The processed food price index has paused thanks to government pressure for factory-gate price cuts, but it will be difficult to keep it in check for long. Oil prices are also being held down by government controls, yet with international crude prices surging back toward the 100-dollar range, it is only a matter of time before domestic prices rise again. The average gasoline price at gas stations nationwide has already climbed to the low 1,900 won range per liter, and it is highly likely to break through 2,000 won soon.
If instability in energy and raw material supplies persists, the shock will spill over into services and agricultural products. Even in the first quarter, when higher fuel surcharges had not yet been reflected, the service price inflation rate was the highest in three quarters. From April onward, when the surcharge hikes are fully passed through, service prices could swing much more sharply. Because these items are highly downward rigid and do not easily fall once they rise, they pose a heavy burden on the economy.
Agricultural prices are under mounting upward pressure from surging international prices of fertilizer feedstocks. Key raw materials for nitrogen-based fertilizers such as urea and ammonia are none other than natural gas. When natural gas prices rise, fertilizer production costs also increase, ultimately driving fertilizer prices sharply higher. If fertilizer prices remain elevated for an extended period, there is ample room for the situation to escalate into a food emergency.
The Strait of Hormuz is not only a key chokepoint for crude oil, but also plays a central role in the production and trade of fertilizers worldwide. Some 25% of global seaborne fertilizer shipments pass through the Strait of Hormuz. Fertilizers lack robust strategic stockpiling systems and are therefore highly vulnerable to supply shocks. It is against this backdrop that the United Nations Conference on Trade and Development (UNCTAD) has warned that fertilizer supply chain disruptions originating in the Middle East could threaten global food security. According to Reuters, the international grain futures price index in the second quarter is expected to jump 6.4% from the previous quarter.

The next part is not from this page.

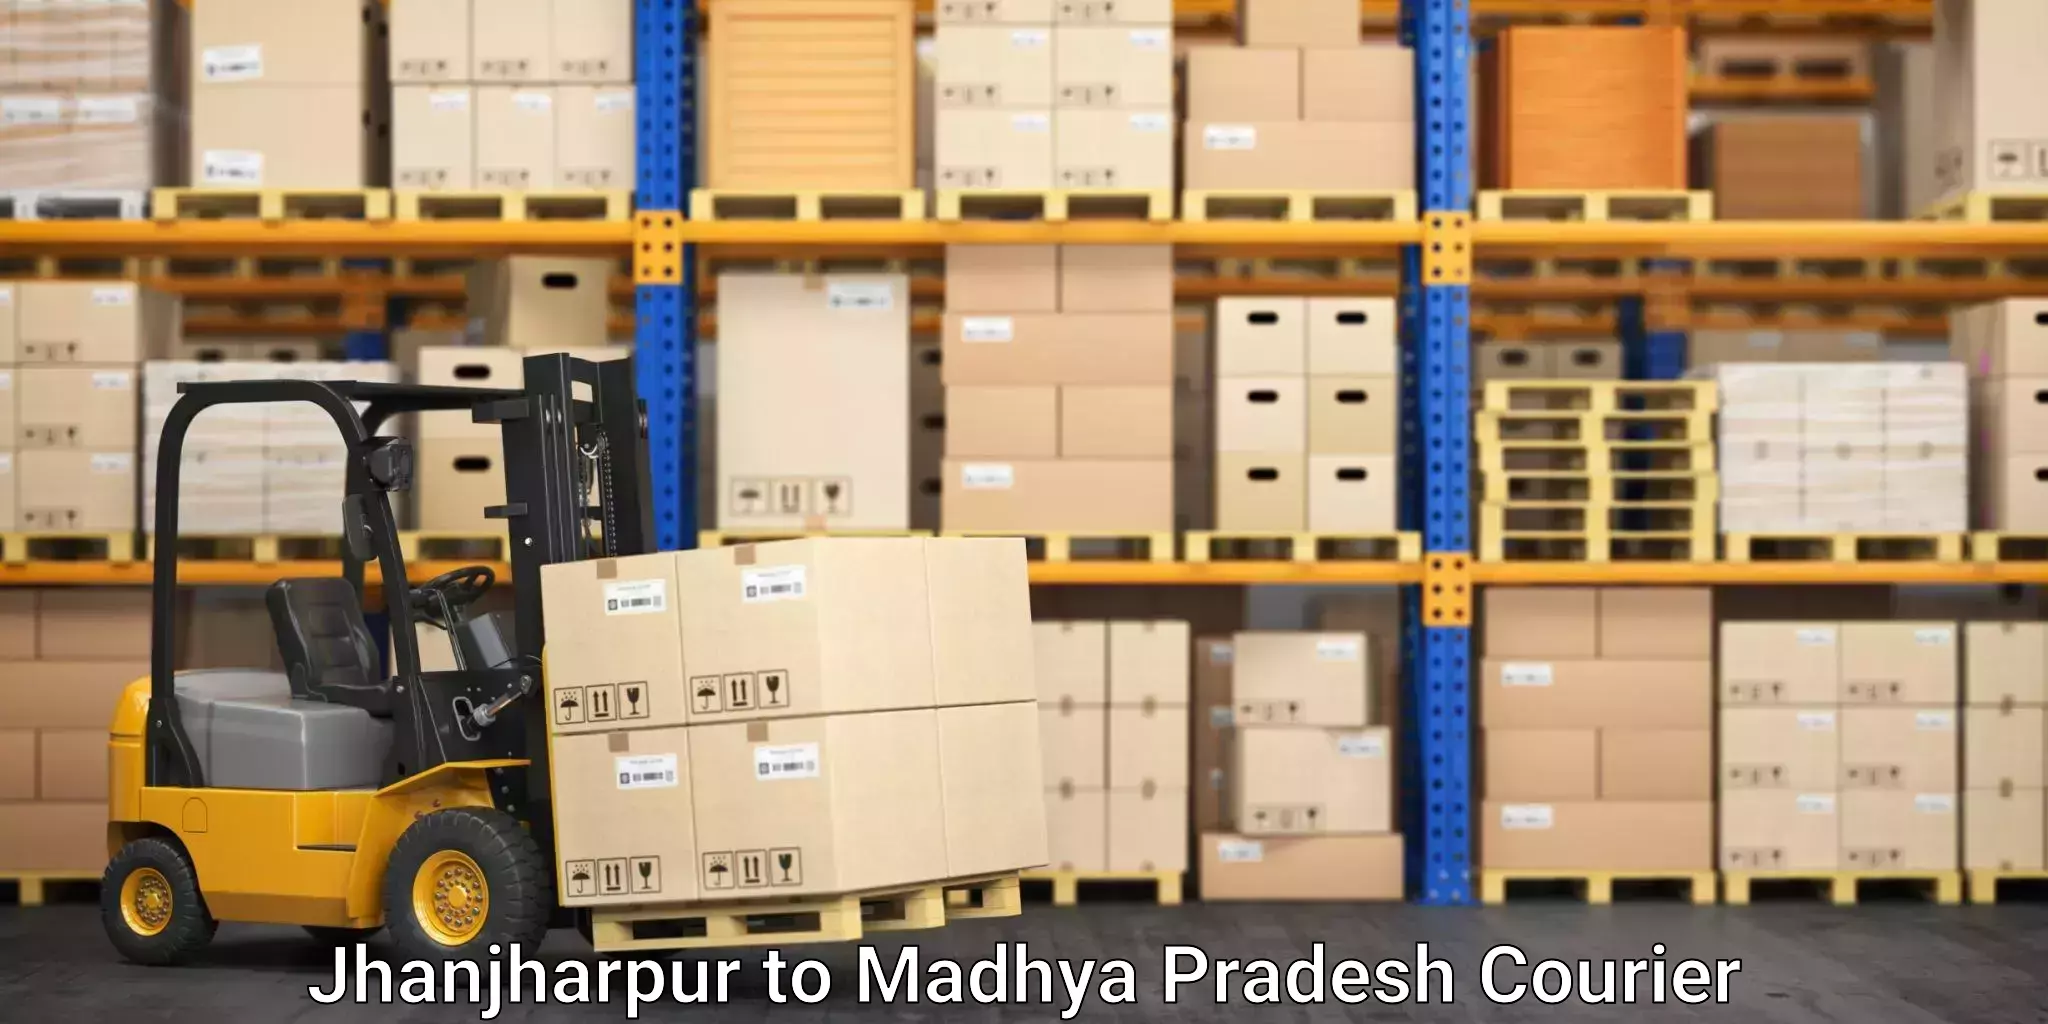 Furniture transport solutions Jhanjharpur to Niwari

A sharp rise in grain prices pushes up feed costs, which in turn drives up livestock production costs. Prices of processed foods and other food products will climb in tandem. The inflation shock triggered by high oil prices will thus spread across the entire economy. The real problem is that this inflationary shock may only be in its early stages. The government must devise price-stabilization measures that maximize efficiency by sector and by stage. At the same time, companies need to exercise voluntary price discipline, and consumers must embrace more rational spending habits. Just as the nation has overcome past economic crises through the efforts of its people, it must now rally its strength to weather the current high-inflation shock.